A doutrina do ressentimento

Putin defende a ideia de que a Rússia tem a responsabilidade de proteger todos os russos que estão no estrangeiro, e ele decide quem é russo e quem não é. Mas ‘proteger’ os russos na Ucrânia tem consequências fatais

Timothy Garton Ash
ENRIQUE FLORES

Às vezes, só as vezes, convém prestar atenção nas insuportáveis palavras dos malas nas reuniões importantes.

Em 1994, estava quase dormindo em um debate realizado em São Petersburgo, na Rússia, quando um homem robusto e de baixa estatura, com cara de rato, que parecia ser o braço direito do prefeito, começou a falar. Disse que a Rússia havia entregado de forma voluntária "imensos territórios" para as antigas repúblicas soviéticas, entre as zonas "que historicamente sempre pertenceram à Rússia". Se referia "não somente à Crimeia e ao norte do Cazaquistão, mas também, por exemplo, à área de Kaliningrado". A Rússia não podia abandonar à sua própria sorte estes "25 milhões de russos" que haviam passado a viver no estrangeiro. O mundo deveria respeitar os interesses do Estado russo "e do povo russo como grande nação".

Aquele homenzarrão irritante se chamava – como podem supor – Vladimir V. Putin, e sei exatamente o que disse em 1994 porque a organização, a Fundação Körber de Hamburgo, Alemanha, publicou a transcrição completa. O que eu traduzi como "povo" russo é, na transcrição alemã, volk.

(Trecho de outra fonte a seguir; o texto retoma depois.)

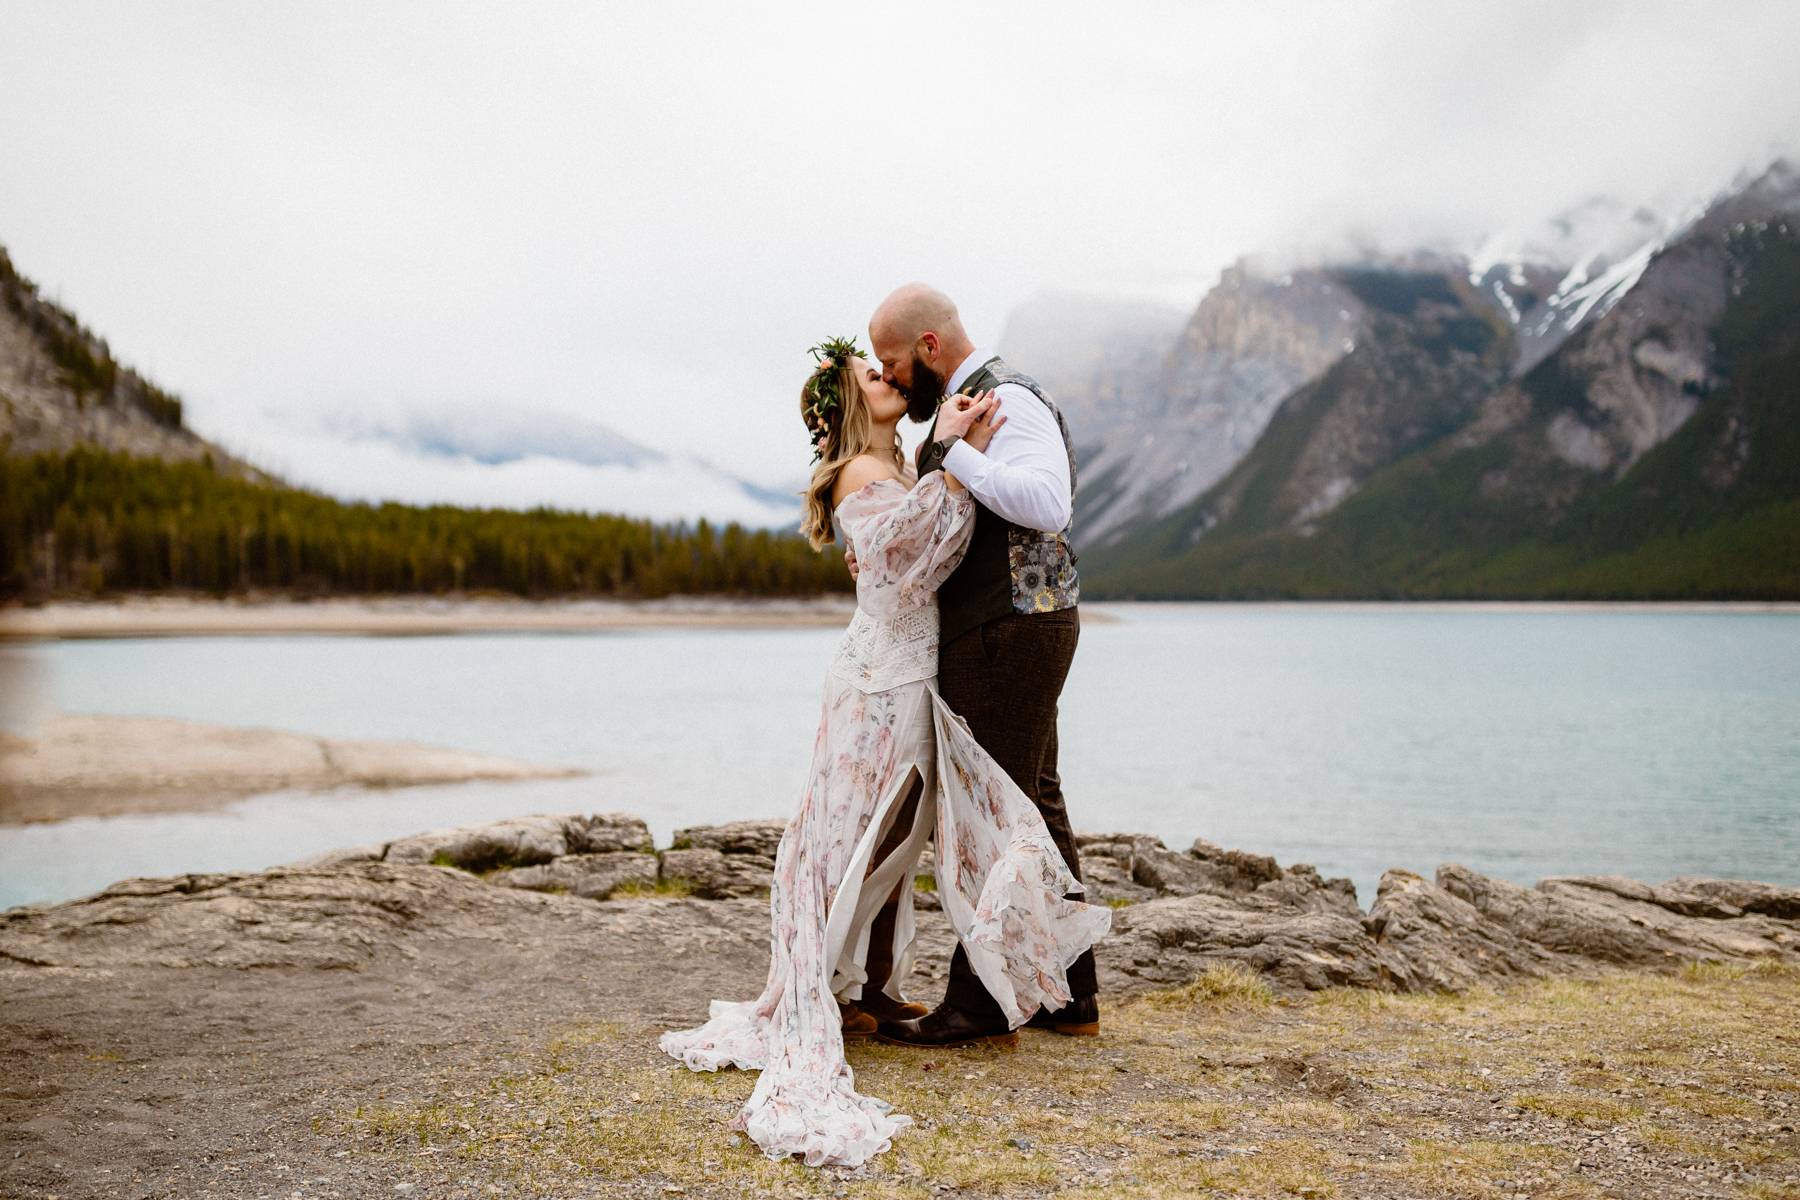 Stormy and Rainy Banff Wedding Photography - Photo 19

Putin tinha e continua tendo uma definição völkisch, ampla e radical, dos russos: agora fala do russkiy mir, literalmente, o "mundo russo". A transcrição também mostra que eu fiz uma pequena brincadeira sobre as consequências que a visão do desconhecido funcionário municipal da prefeitura poderia ter quando disse: "Se atribuirmos a nacionalidade britânica para todas as pessoas que falam inglês, teríamos um Estado um pouco maior do que a China".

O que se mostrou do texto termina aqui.